I dream of what I will eat as I drive home thinking if I should stop by this fancy grocery store or the other one or maybe get take-out … again. My brain has somehow been highjacked by food obsession. I SWEAR I have been overtaken by the Goddess equivalent of Bacchus. I’m not implying I’m a Goddess but I’m not implying I’m not … yet! There is always hope!
It has been however many days since I wrote my last post and I’ve LOST 6 lbs. (2.7 kG for the Euros out there, and 0.42 stones for all the Druids) due to eating healthy, taking the stairs whenever possible, not drinking any alcohol, eating much more fiber, avoiding added sugar and swigging loads of water. I’ve always heard in the beginning of weight loss it’s usually mostly water weight that’s lost BUT if I’ve been consuming gobs of water, how could this loss only be water weight?
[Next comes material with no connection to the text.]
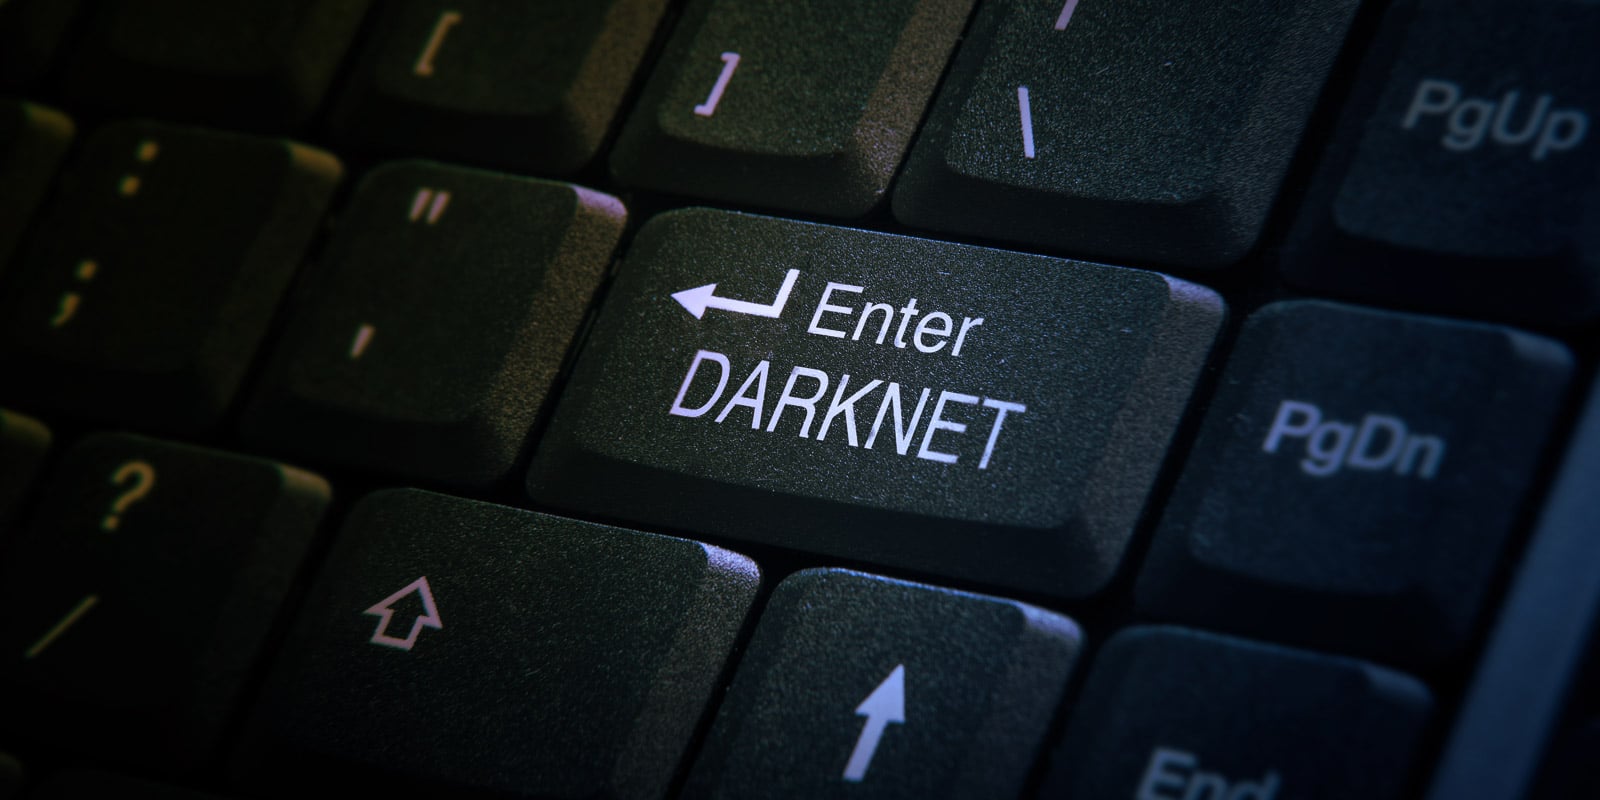 Cypher Darknet Market

I got on the scale this morning, and woo hoo, the weight-loss train is coming to my house and picking me up! Choo choo!
I high-fived the hubby and put on some pants where the buttons weren’t about to bust off. (click on the Louis CK YouTube link for more details on ill-fitting pants)
It’s a journey and I’m taking it!
PS: Just how does this post relate to hysterectomy? Were any of you severely disappointed realizing this post wasn’t a bonafide hysterectomy post? If so, please complain in the comments section. Also, any and all cat comments will be appreciated.